I stood there, the foam soles of my Nikes pushing back against the hardness of the floor, and melted. I read letter after letter, card after card. I will confess to you that when I was done, not only was I crying, but I was different.

I had forgotten that I was so loved.

So often when I think about my childhood lately I think about all the lack. But I was loved, you guys. I was loved enough. And somehow I forgot that.

My grandpa was the kind of person you could make a movie about, and still not understand after an hour and a half, just how great a man he was. I knew it as a child, and I knew it when he passed three weeks before my high school graduation. But knowing it as an adult feels different. Reading those letters, felt like reading a crucial chapter of my life that I had accidentally left out.

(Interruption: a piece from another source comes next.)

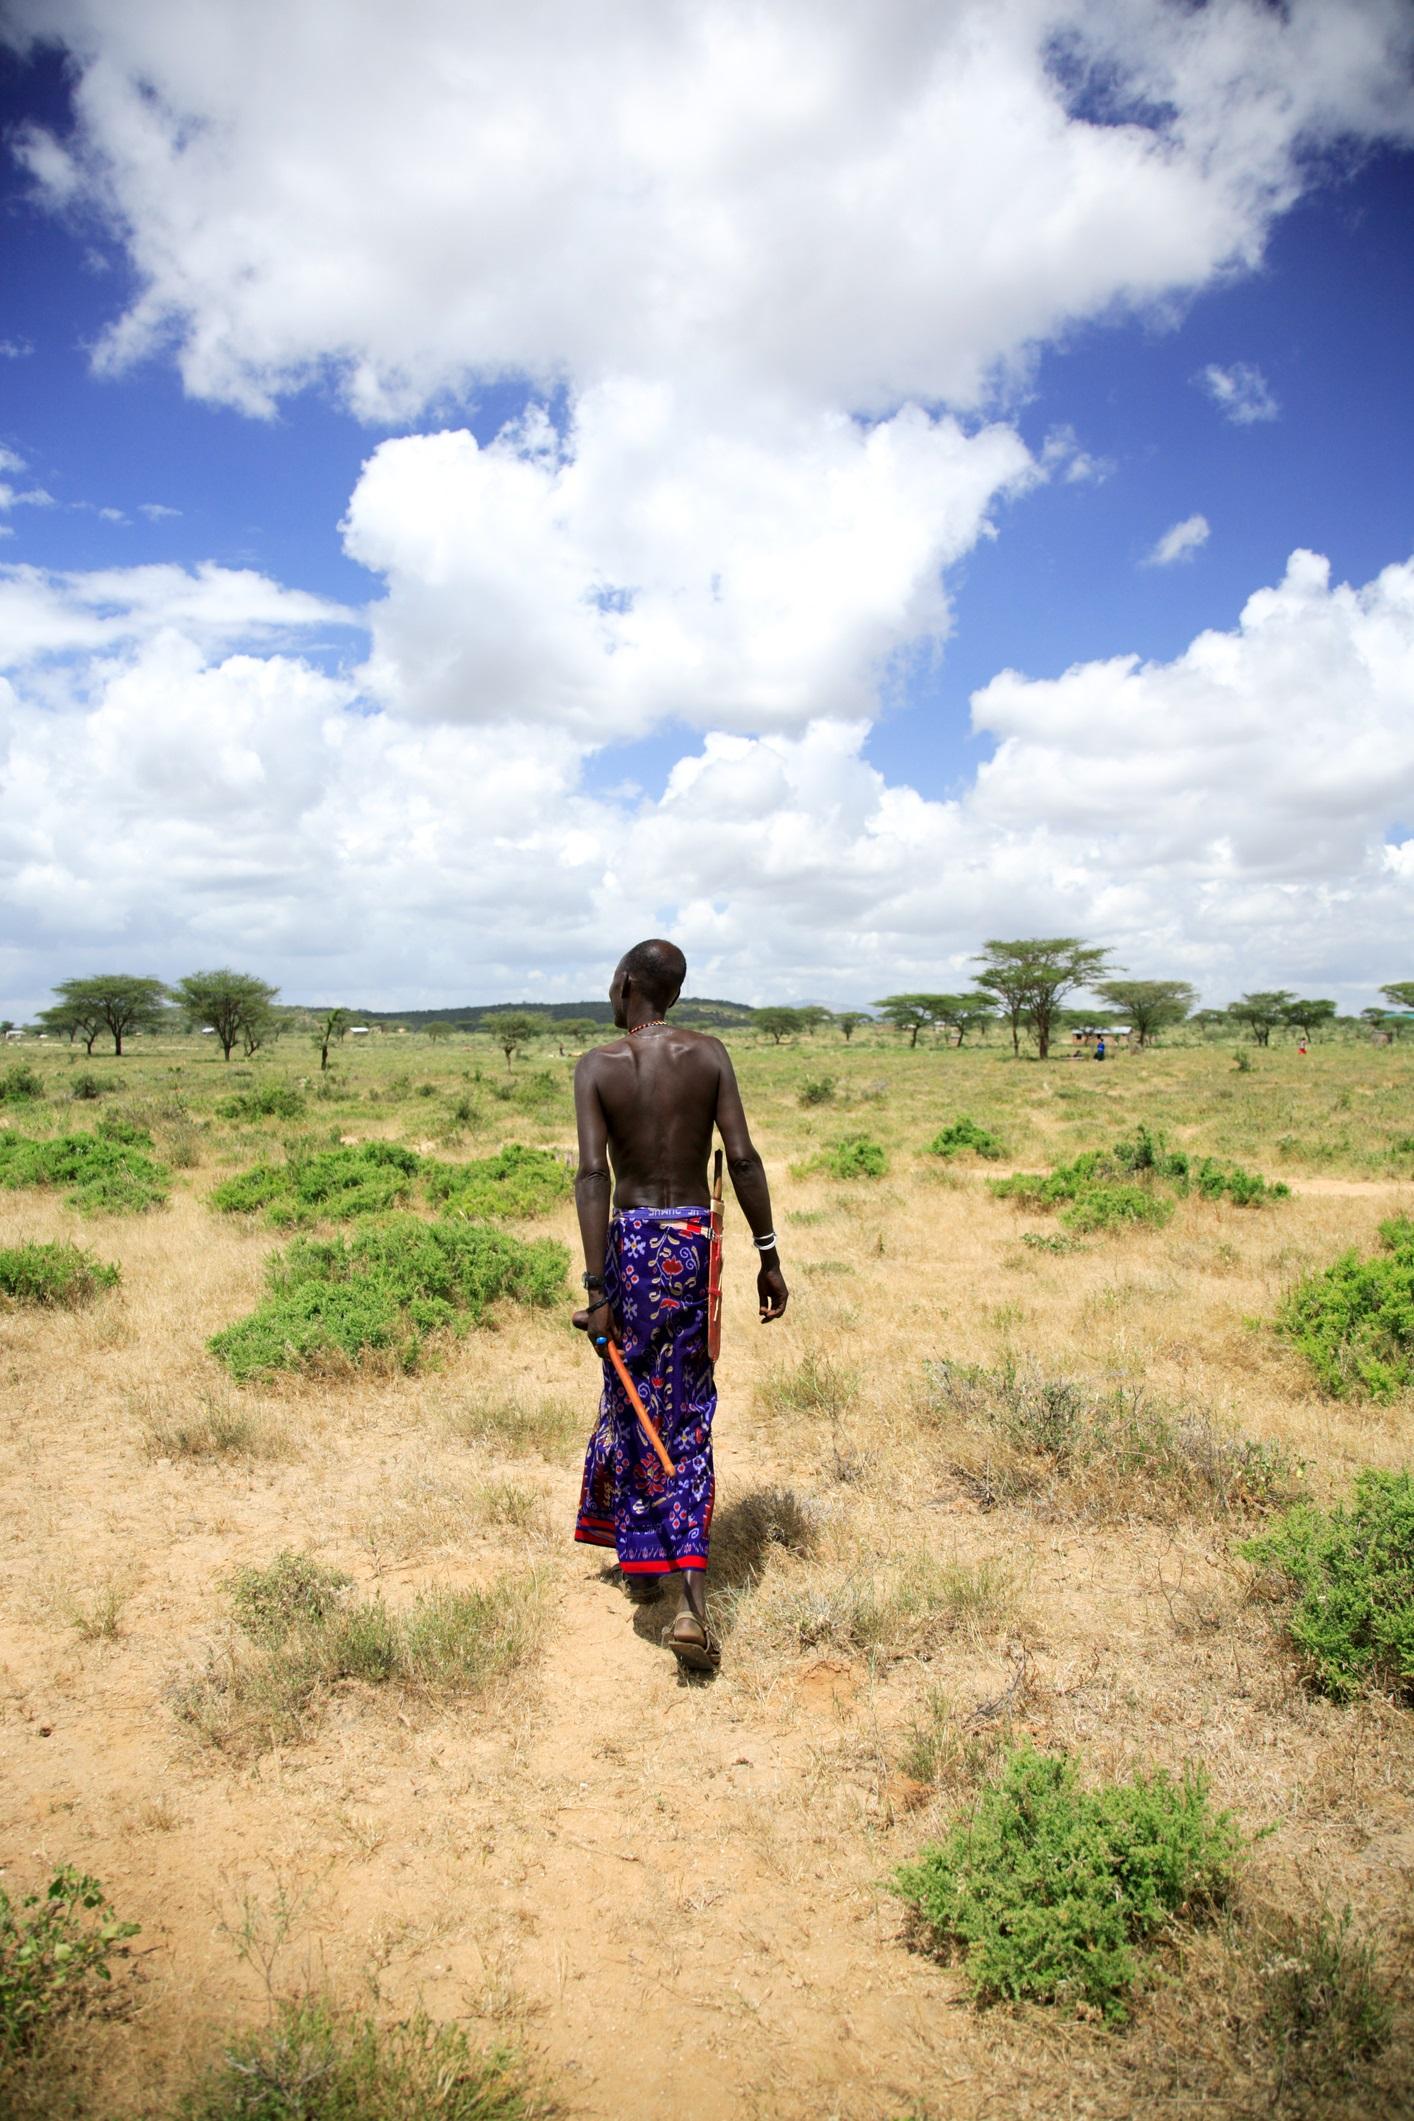 """Освен забележителностите на дивата природа, които привличат повечето посетители в южната част на Кения, Националният резерват Самбуру също е дом на впечатляващата """"втора дивизия"""", която местните водачи наричат """"Специалните пет на Самбуру"""" – Източноафрикански орикс (вид антиопа), мрежест жираф, зебра на Греви, сомалийски щраус и елегантната антилопа Геренук."""

Everything these days seems to be about identity. We are broken up into columns and rows of who’s and what’s and ins and outs. We are divided, united, and talked about. We are a people condensed into two hundred words or less, a profile page that shows us at our best.

My name is Jessica Rae. I am a wife, mother, friend. I work with foster kids. I like to write, and shop (thus the horror-filled basement). I enjoy travel and the arts, time with my family and friends. I like belly laughs and good wine, and movies with happy endings. I love poetry and music, and orange colored days, when the sky fades from blue to sherbet to the palest ballet of pink. I love people, people are amazing. I love kindness, and mercy, but also justice. I have freckles on my right upper arm that exactly replicate Ursa Major. I love the truth, and those who are brave.

I, I, I. It’s a lot, right? A lot of I’s? But we know this, right? We know exactly who we are, what we are, what we want to be, and feel the sting of what we aren’t, don’t we? And yet, somehow when I was making my lists, I forgot to include that part of who I am. I am loved. I belonged. I was welcomed, and cherished.

A man with dancing blue eyes loved me with fatherly affection. He thought I was worth writing those letters. Even though he worked six days a week, from open to close, standing on tired feet, hands wracked by arthritic pain, he still wrote. He still visited. He showered us with gifts in his home. He taught me how to fish, and to clean and cook what we caught. He took us camping, and out for walks. He gave me his time and attention, and his misspelled words. And, if I’m honest, that seems like more of a gift. The letters aren’t perfect. They have probably at least 3 misspelled words each, some more.

And while my sister and I will keep plunging forward, for that day, I had found what I was looking for. The box is sitting on my dresser now, where it belongs. I see it when I wake up, and when I go to bed. Those feelings of lack can stay with the spiders, they don’t fit in my house anymore. Truthfully, they never did.

I’ve replaced them with words that fit. Words that are actually a part of who I am.

I am Jessica Rae, and I am “verry verry loved.”